Does anything change about your proposal if you do t assume that workers have 
“quick access” to the DAG files - i.e. what if we are on kube executors and the 
task spin up time plus git sync time is 30-60s?

(Perhaps this is an extreme case, but we are talking about extreme cases)

> On 18 Mar 2019, at 07:58, Bas Harenslak <basharens...@godatadriven.com> wrote:
> 
> Peter,
> 
> The numbers you mention seem to come out of the blue. I think you’re 
> oversimplifying it and cannot simply state 180/36 = 5 minutes. Throwing in 
> numbers without explanation creates confusion.
> 
> I have some questions when reading your AIP. I have to make lots of 
> assumptions and think explaining it more in depth would clarify a lot.
> 
> 
>  *   Should a DagScheduler and task run in the same slots? Should there be 
> any difference between running the two?

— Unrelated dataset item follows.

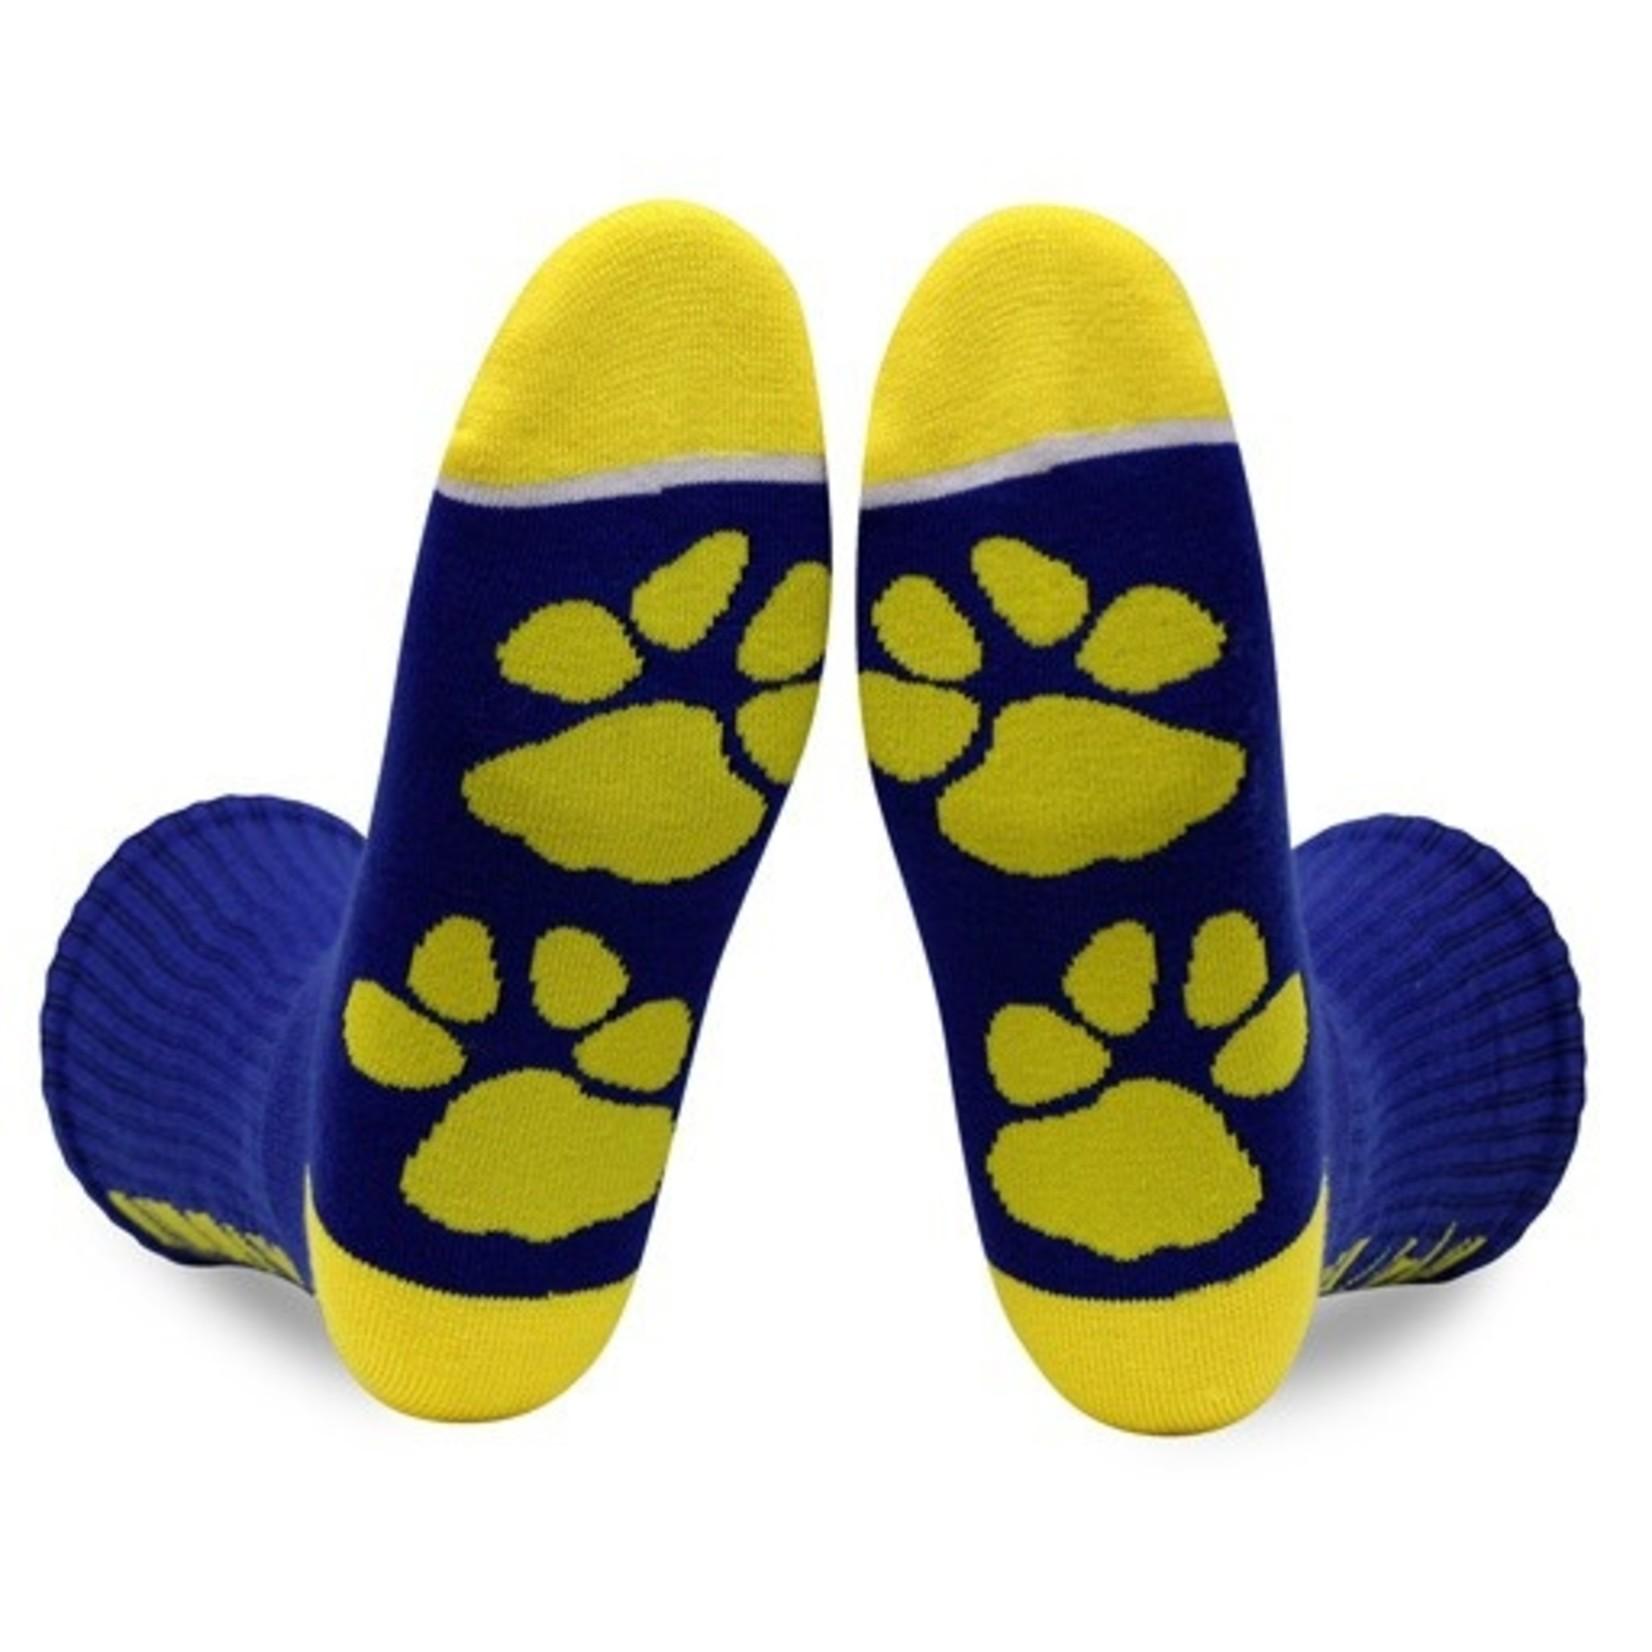 Socks-Salty Dog/Zip, RO/YE

>  *   How does this work together with e.g. Celery? With the current Celery 
> setup you push tasks to the queue, which can be run on any worker. With your 
> setup it seems you push a DagScheduler and/or task. Does the DagScheduler 
> push tasks itself to the queue so that any task can run anywhere? And is it 
> correct to assume the DagScheduler polls the DB to check if a task is 
> finished?
>  *   “If a cycle is done the MainScheduler should schedule a new 
> DagScheduler" -> I assume the dagscheduler would set state of a dagrun to 
> finished? And the mainscheduler simply checks when the next interval is 
> finished and to start a new DagScheduler.
>  *   The naming is confusing to me. How about naming the DagScheduler 
> “DagRunManager”, because that’s what I believe it does?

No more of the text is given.